# top US Coaches



## rockdude (Apr 3, 2008)

I know this is hypothetical but who should be considered in a list of the top 10 cycling coaches in the US.


----------



## rockdude (Apr 3, 2008)

Here are a few that could be on a list of top coaches. 
Neal Henderson- Has been awarded coach of the year and coaches many top pros.
Hunter Allen- Wrote the book on powermeters
Allen Lim- Has worked with dozens of Pro tour riders and is always on the cutting edge.


----------



## PDex (Mar 23, 2004)

Is this a general question or are you looking to start specific cycling training?

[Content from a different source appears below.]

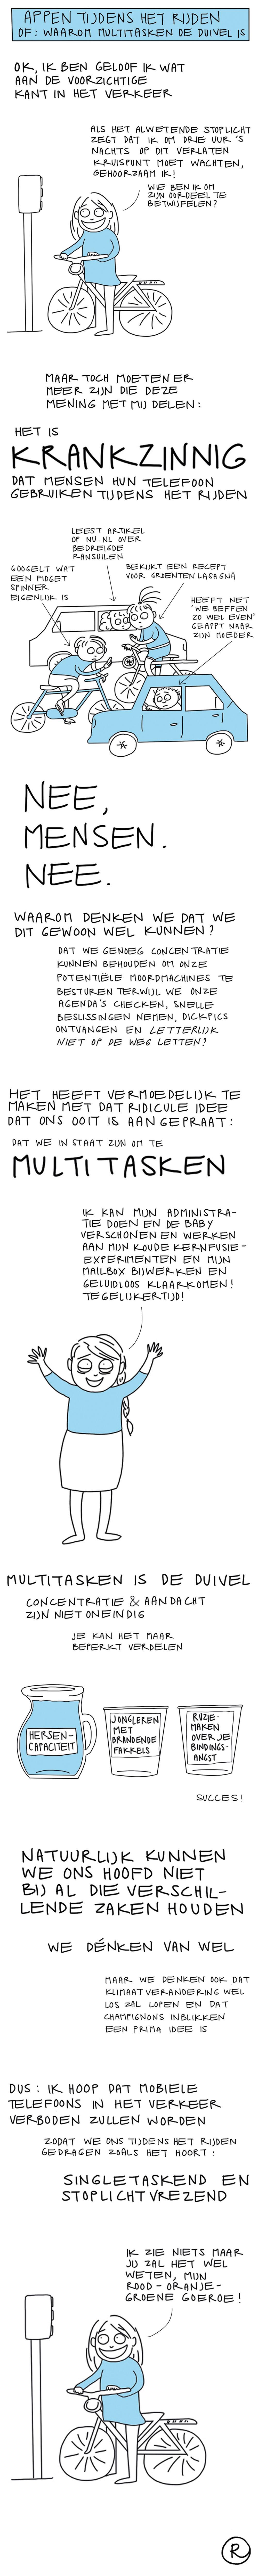 multitasken online.jpg

Are you looking for someone to teach racing tactics or training? Track? Road? MTB? Each one has their advantages.


----------



## rockdude (Apr 3, 2008)

Its a General question geared to Road. I can tell you who most of the top riders are, Pro and Amateur but who's their Coach? Who's molding our top guys. Heck, I know at least dozen or so good coaches here in Boulder. But there is an upper echelon of coaches that uses more science than art that tend to attract top riders and they have great success with them. Who are these stars behind the talent. I mentioned several above but I know there many more.


----------



## iliveonnitro (Feb 19, 2006)

It depends whom he/she is coaching.


----------



## NJRoadie (May 13, 2004)

*Ferrari*

Michele Ferrari is clearly the best. Riders such as Lance Armstrong paid him hundreds of thousands of dollars for internet training programs and consultations on saddle height.


----------



## rockdude (Apr 3, 2008)

NJRoadie said:


> Michele Ferrari is clearly the best. Riders such as Lance Armstrong paid him hundreds of thousands of dollars for internet training programs and consultations on saddle height.

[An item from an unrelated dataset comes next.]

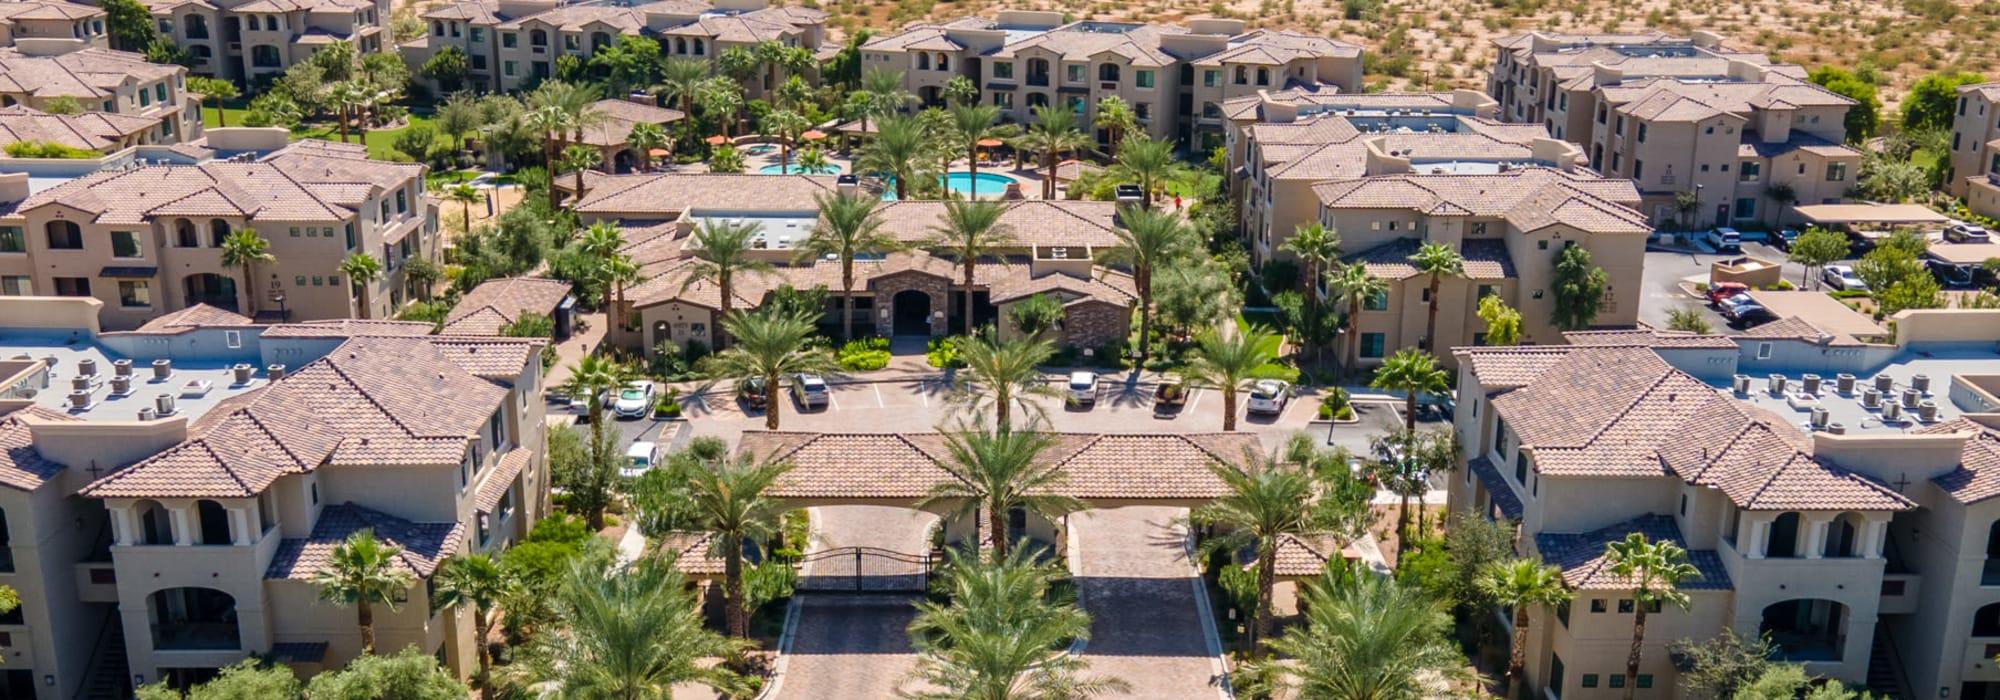 Aerial image of San Milan in Phoenix, Arizona

The guy was the best at what he did, Something to be said for that. In an era where everyone was doping, his coaching and methods produced winners.


----------



## Creakyknees (Sep 21, 2003)

Chris Carmichael.

Kevin Livingston.


----------



## rydbyk (Feb 17, 2010)

Creakyknees said:


> Chris Carmichael.
> 
> Kevin Livingston.


What? CC?


----------



## rockdude (Apr 3, 2008)

Frank Overton would be another name to through into the hat. He coined the concept of Sweetspot training and does extensive performance testing in his facility.


----------